▶ TASK DIRECTIONS: In your copy, leave out the pictures and reproduce the listing below exactly.

▶ DATASET CONTENT:
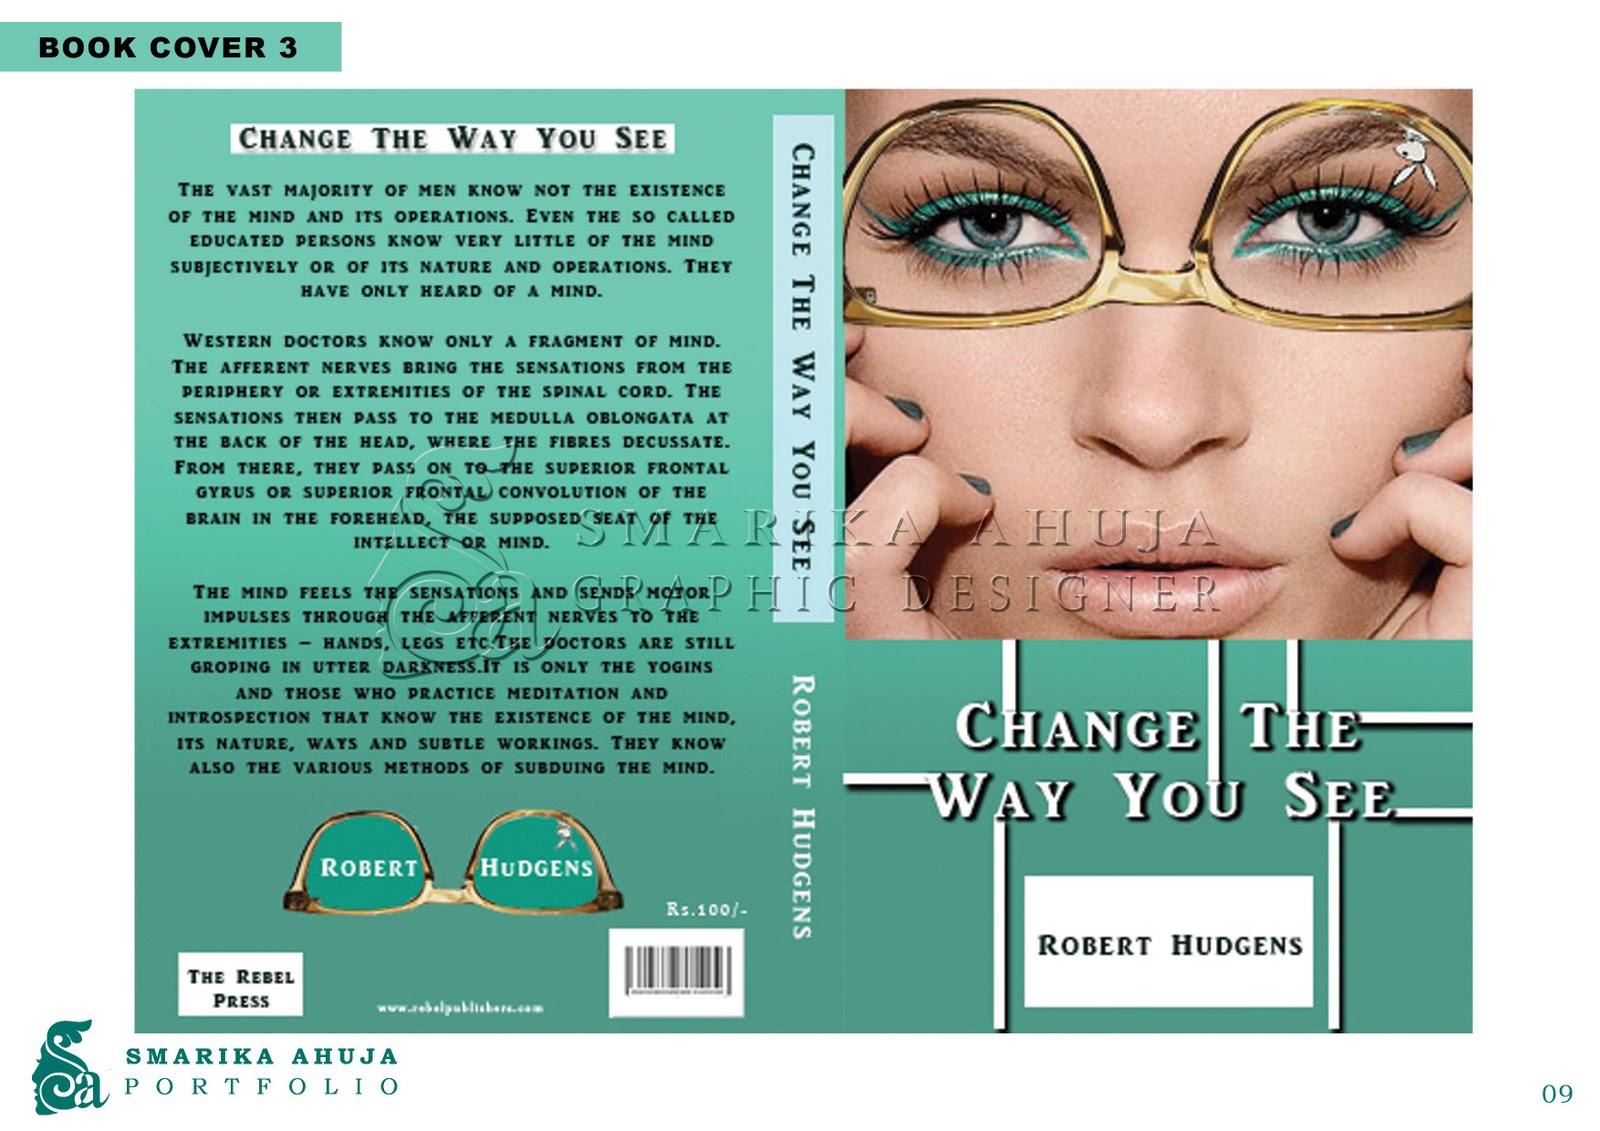 Graphic Design Portfolio Book Cover
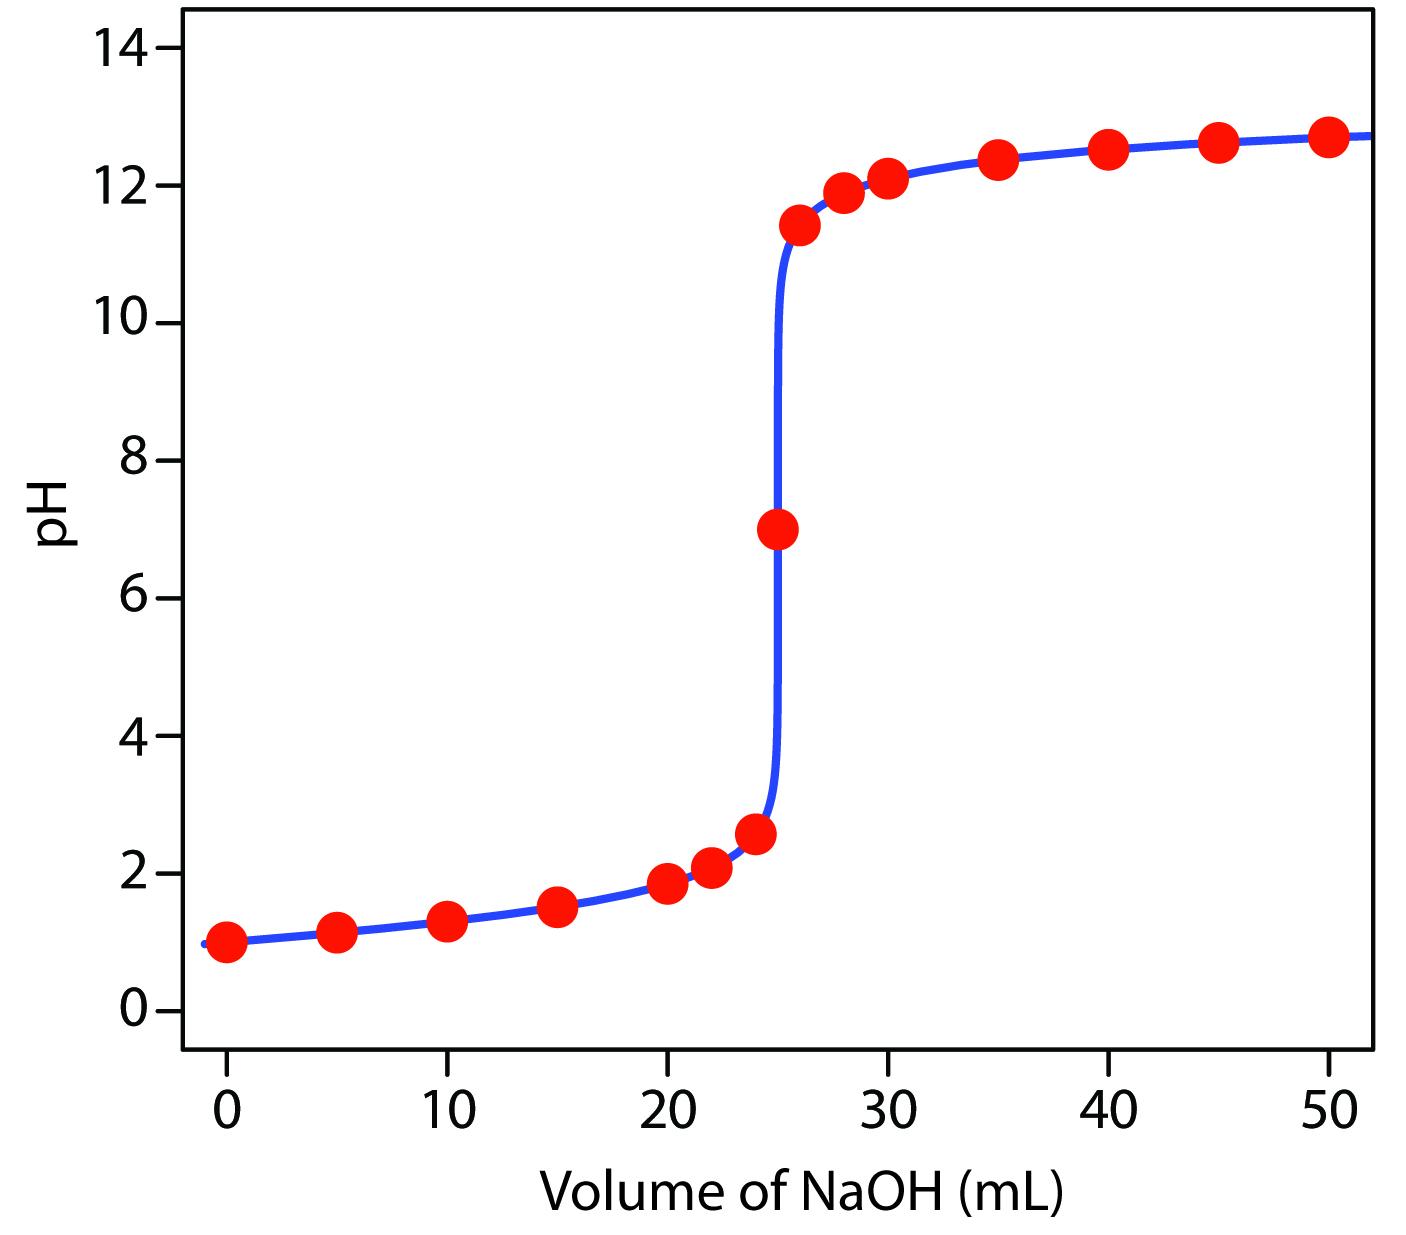 Titration Curve #1
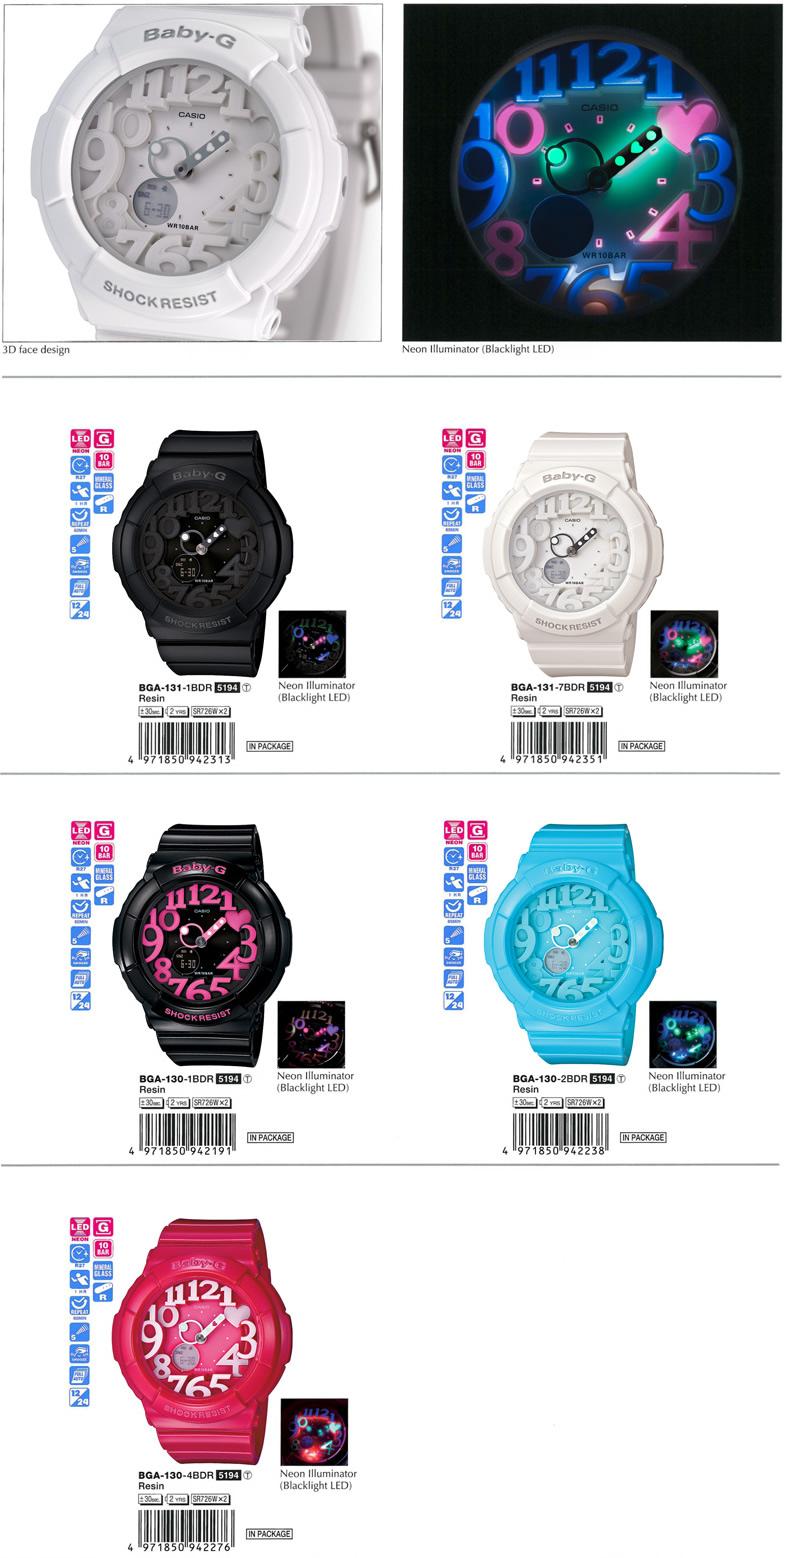 7a46abe103b3 Dinamika Watches Shop: Casio Baby-G Black Neon Illuminator Alarm ...
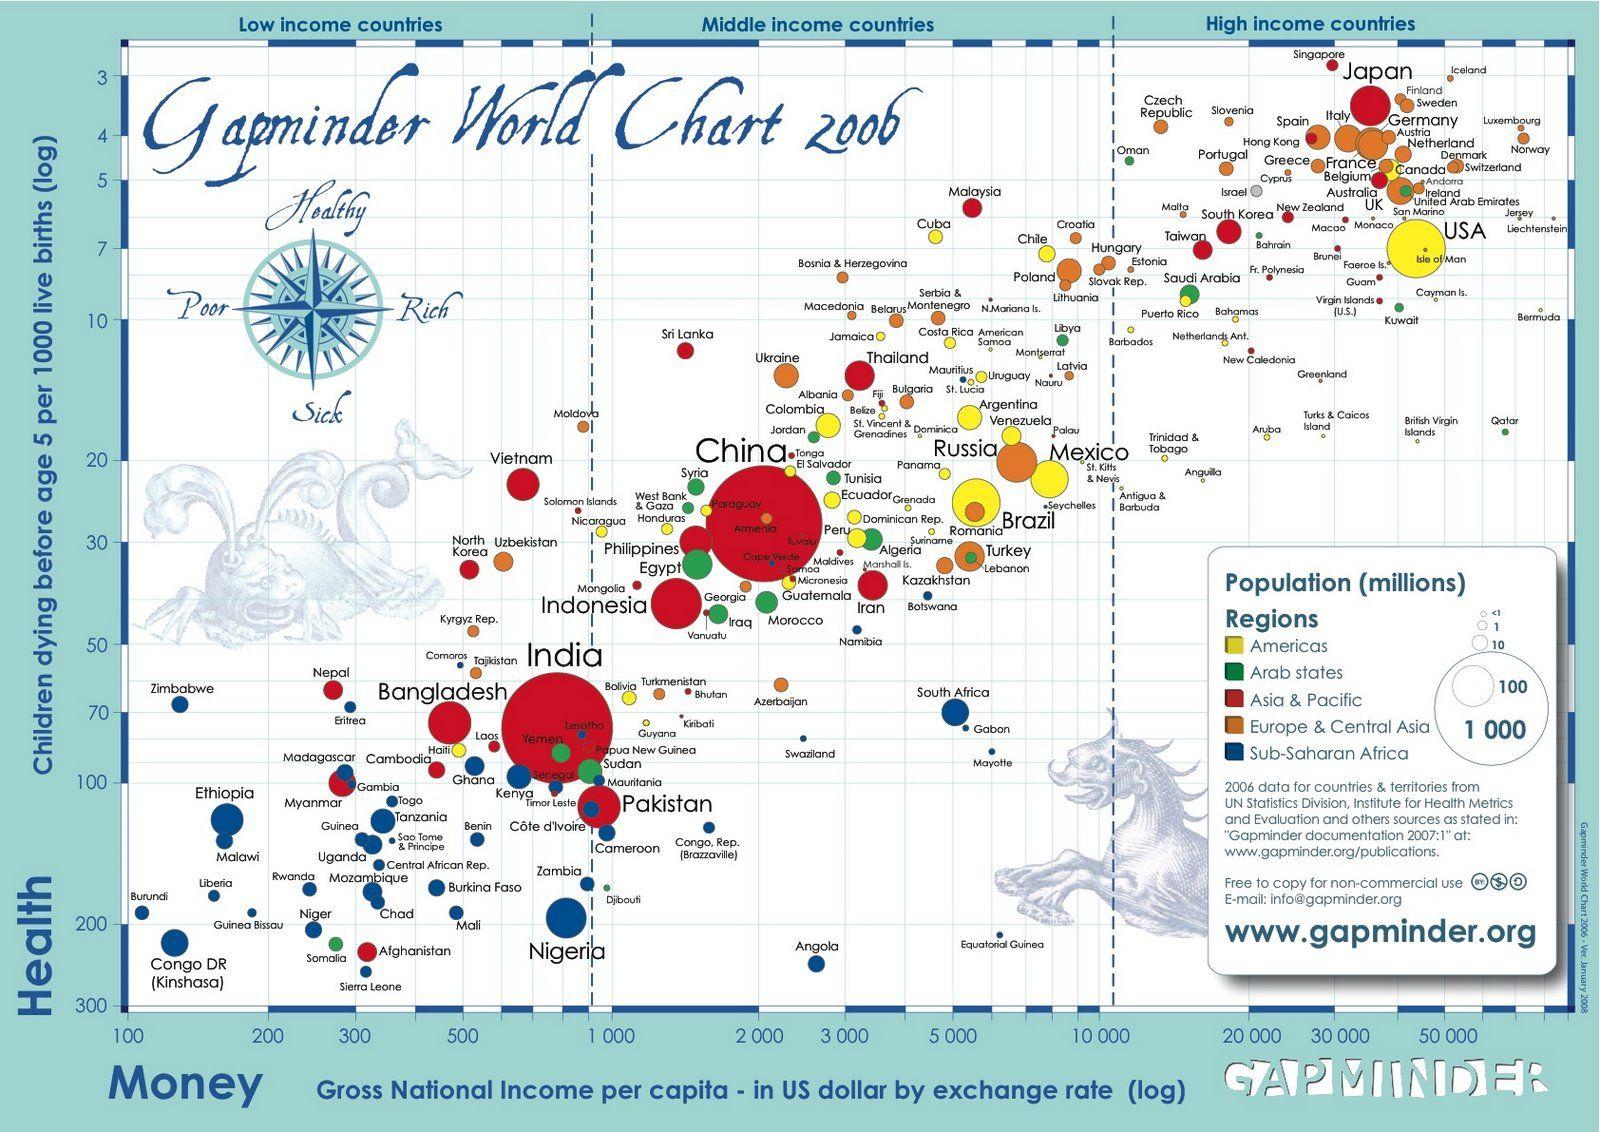 [gapminder_world_chart_2006.jpg]

▶ ANSWER BOX:
 Graphic Design Portfolio Book Cover
 Titration Curve #1
 7a46abe103b3 Dinamika Watches Shop: Casio Baby-G Black Neon Illuminator Alarm ...
 [gapminder_world_chart_2006.jpg]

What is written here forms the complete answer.